Black Currants (Ribes nigrum) have fruit that is not so showy but European visitors to the garden always are thrilled to see them! (Yes, I’ve had 3 such visitors already relay that message to me this year!) Cherished across the pond, this shrub is little known or grown in America’s Heartland. Come see and taste for yourself!


The Blueberry crop is ripening well and a bumper crop is upon us. This Bluecrop Highbush Blueberry (Vaccinium corymbosum) is a classic performer in our climate. Blueberries make awesome edible landscape subjects with beautiful white, urn-shaped flowers in spring, the gorgeous and tasty fruit in summer and fall color that is among the best of all shrubs. Blueberries do require a soil rich in organic matter on the acid side so amend your soil before planting them. Use peat moss or Beats Peat for organic matter and fertilize with something listed for azaleas, rhododendrons or camellias to help acidify the soil.


Again, leave the picking of blueberries to us: this cluster is not quite ripe!


We have been growing the new Minnesota Series blueberries which are hybrids between the standard eastern native Highbush Blueberry (Vaccinium corymbosum) and the flavorful northern wild Lowbush Blueberry (Vaccinium angustifolium). This is St. Cloud Blueberry, named after the city in Minnesota; it has very delicious blueberries!
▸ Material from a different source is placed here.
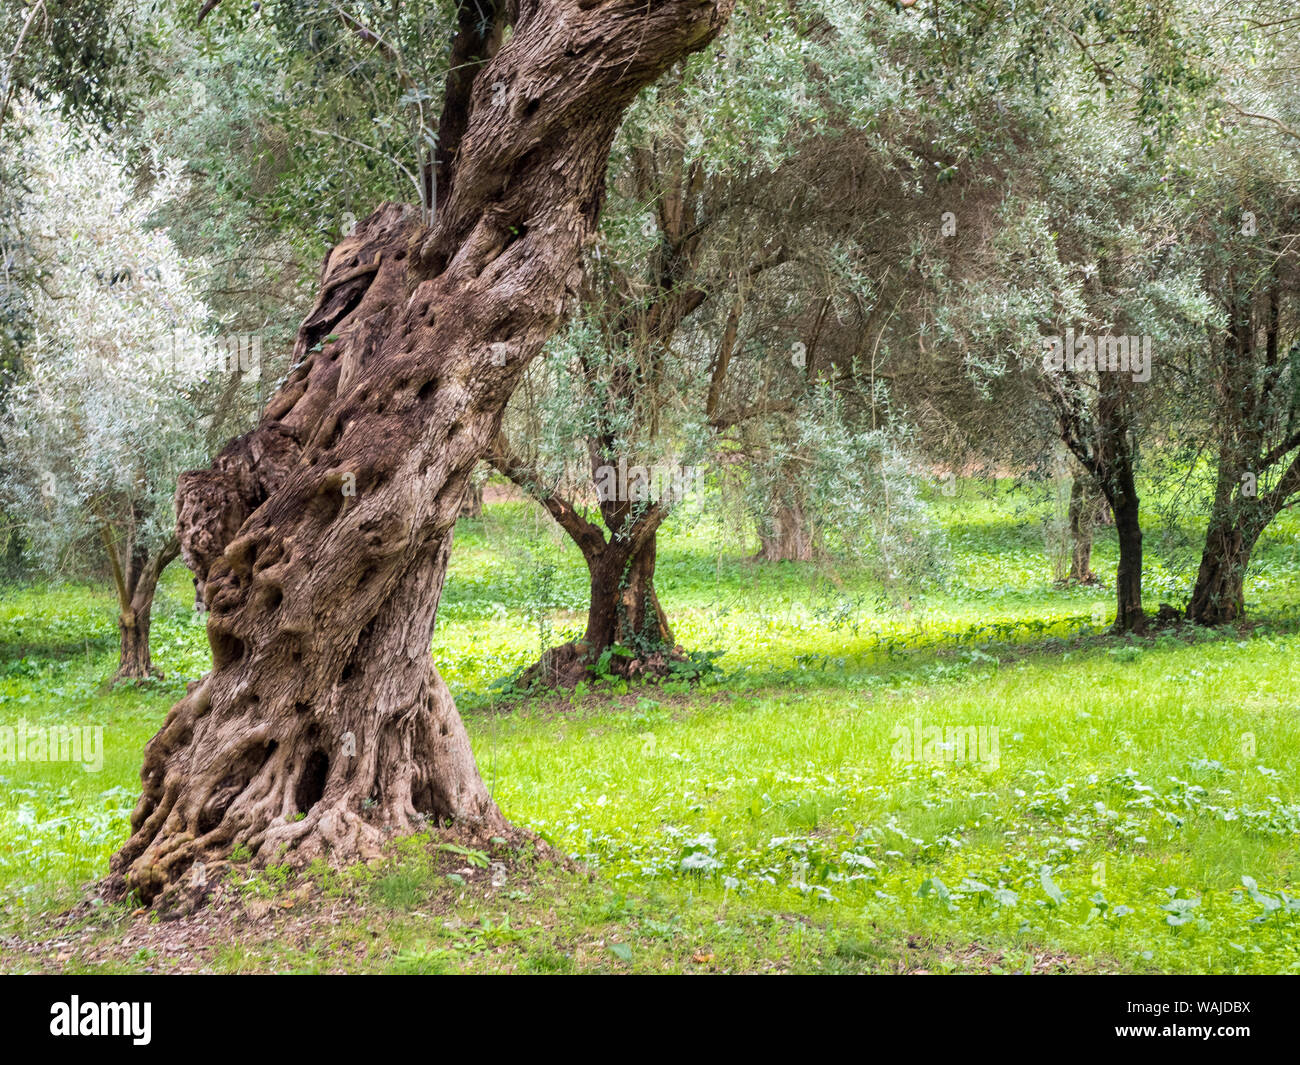 Old Mediterranean olive trees. The botanical name Olea europaea, meaning 'European olive', is a species of small tree in the family Oleaceae. Stock Photo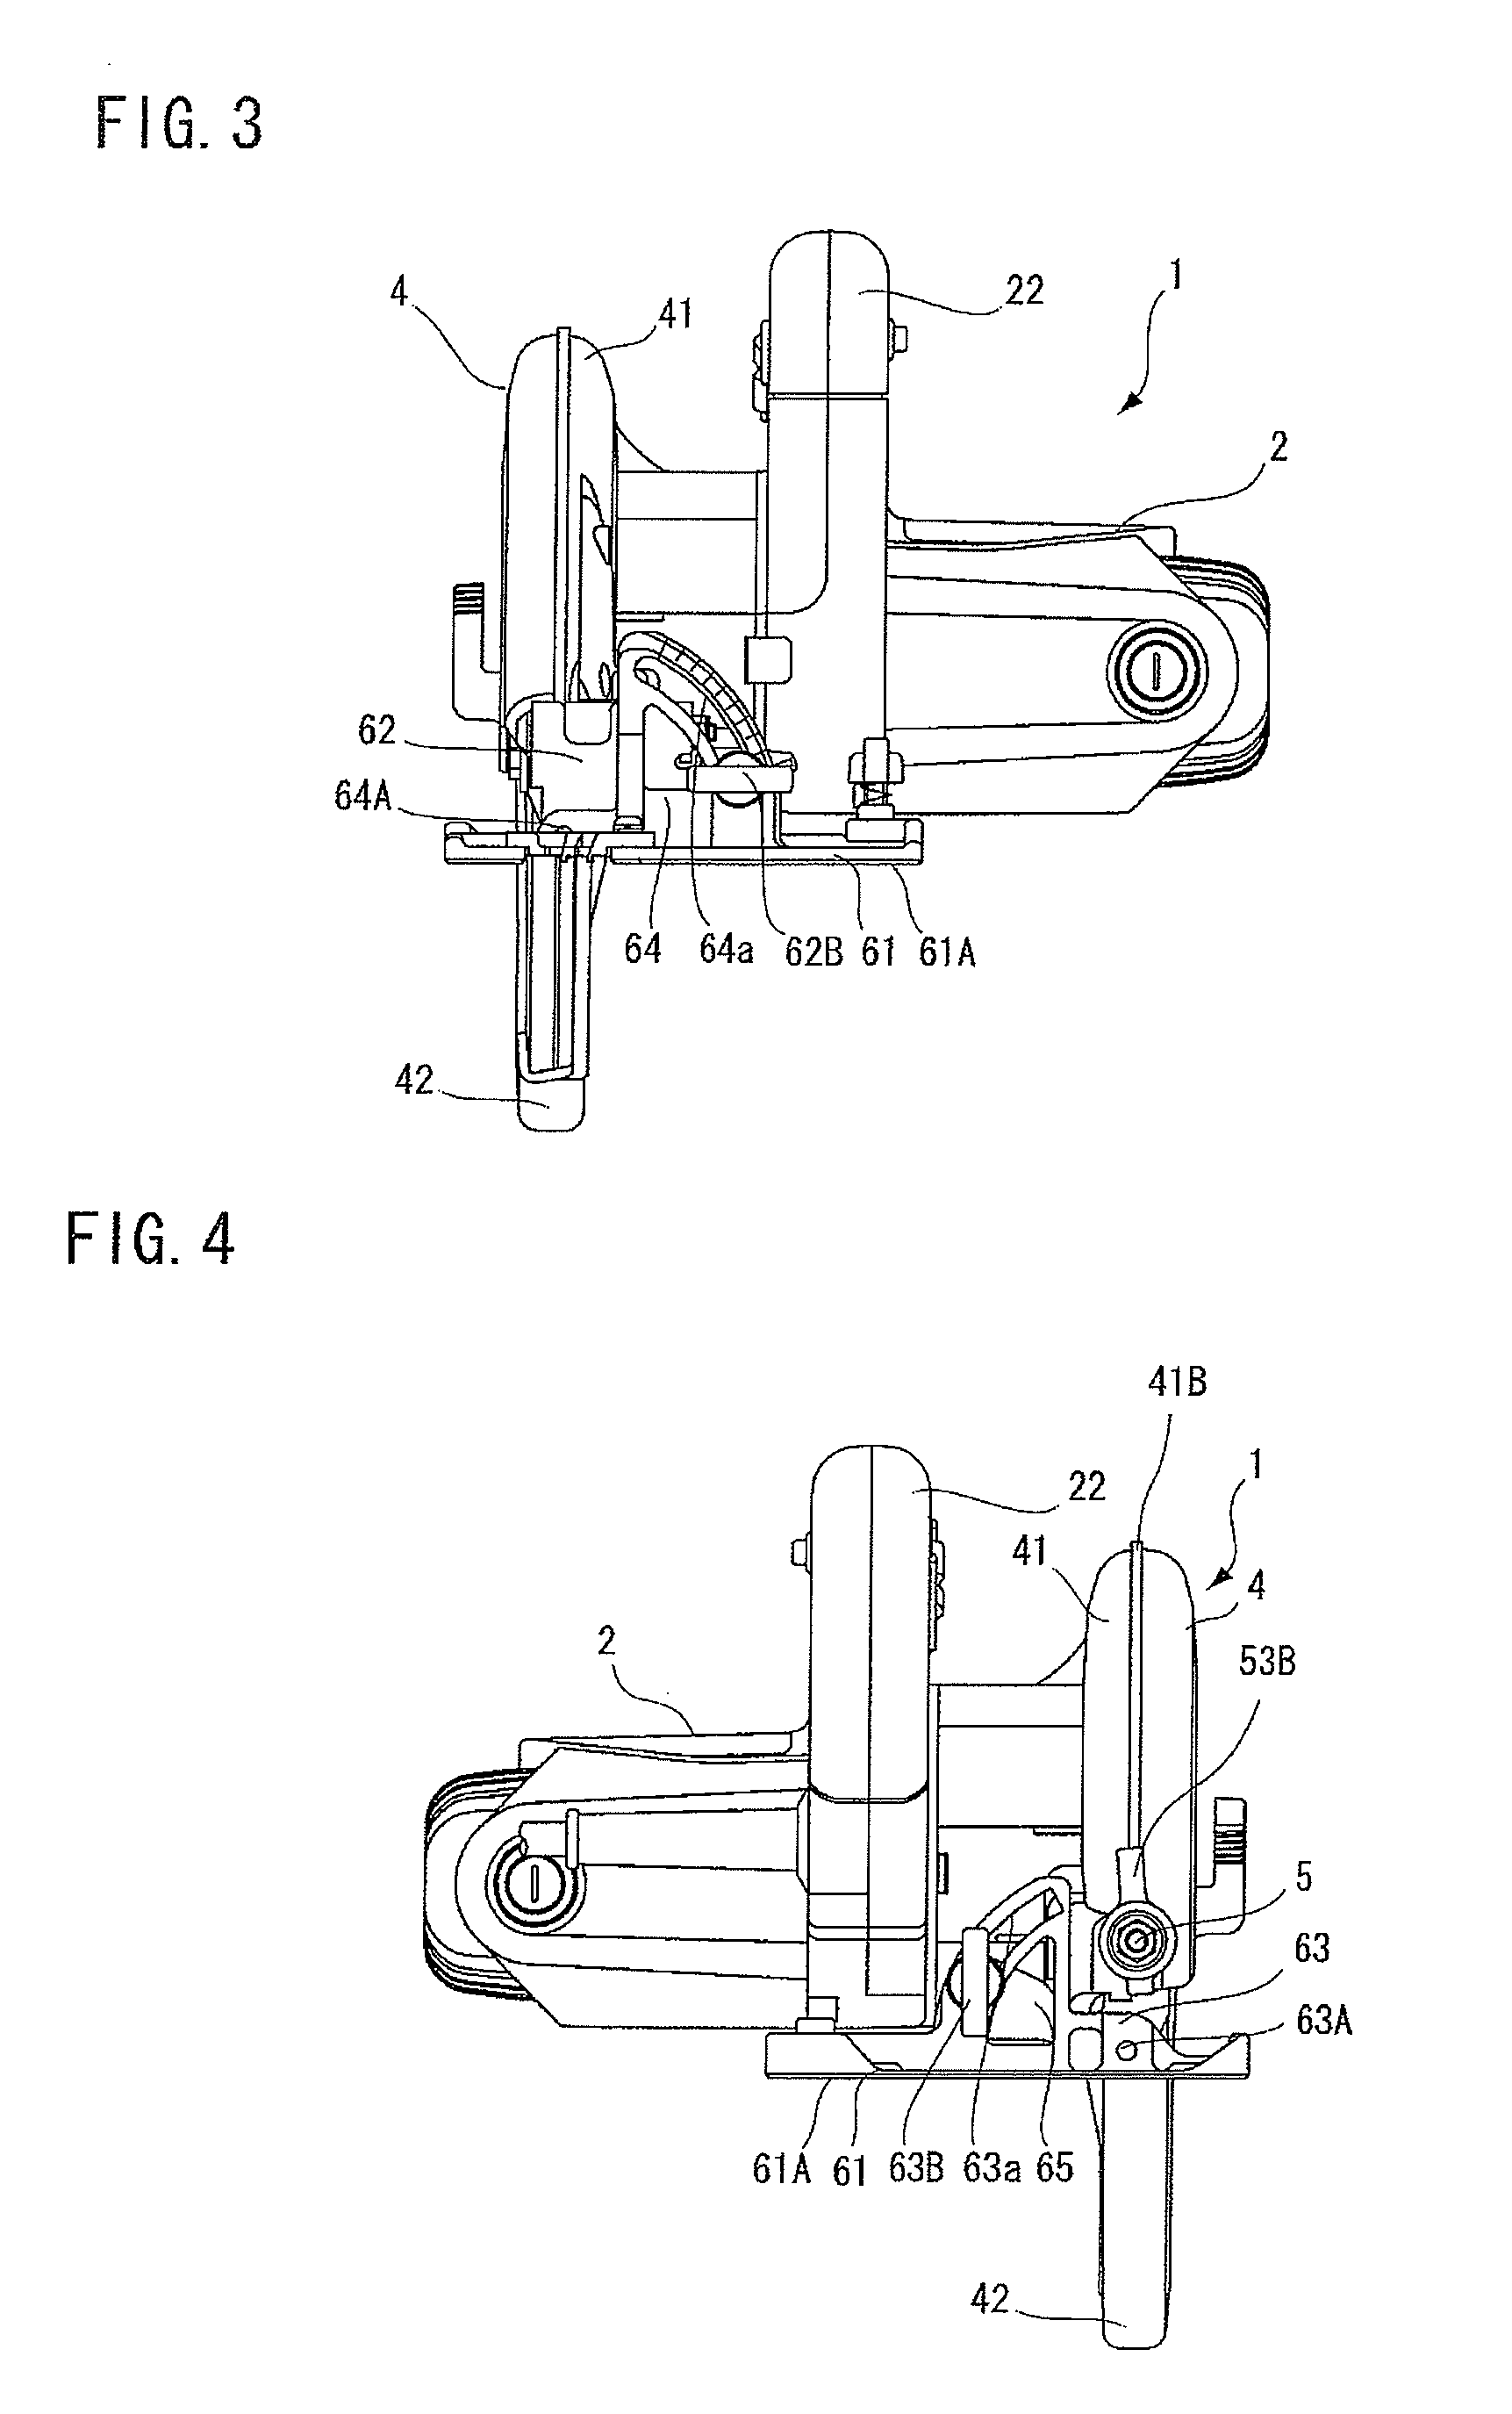 Portable cutting device capable of adjusting cutting depth

Here you can see another of the Minnesota Series Blueberries: ‘Northcountry.’ These shrubs are smaller but just as berry-studded as others so have value in the front of the border or where you don’t have space for a larger shrub. Tasting Stations will allow you to taste several varieties of blueberries — you be the judge on flavor.


Our mulberry crop is about over but you can see a Eastern Kingbird checking out the last of the crop in this little weeping mulberry tree in Fun Food Farm. We have netting to keep birds away from our berries but so far we have comfortably shared the bounty of the garden.

Berries? Nope, this is a NUT! The maturing hazelnuts almost look berry-like right now. I was surprised to see this Hazelnut (Corylus avellana) cultivar ‘Heterophylla’ (which means cut-leaf) has very short husks so that the nut really shows now while other hazelnut varieties are more hidden in their husk. Another reason to abstain from picking because you could accidentally remove a cherished crop meant for a later time.


I know the forecast for the weekend is for hot and muggy but these hazy days of summer are great for a lazy stroll through Powell Gardens. The Vineyard in the morning haze with Hyssop in full bloom beneath the grapes is worth the trip alone. But be sure and taste the berries and other bounty from the garden. You can cool off with a splash in the Fountain Garden before you leave too!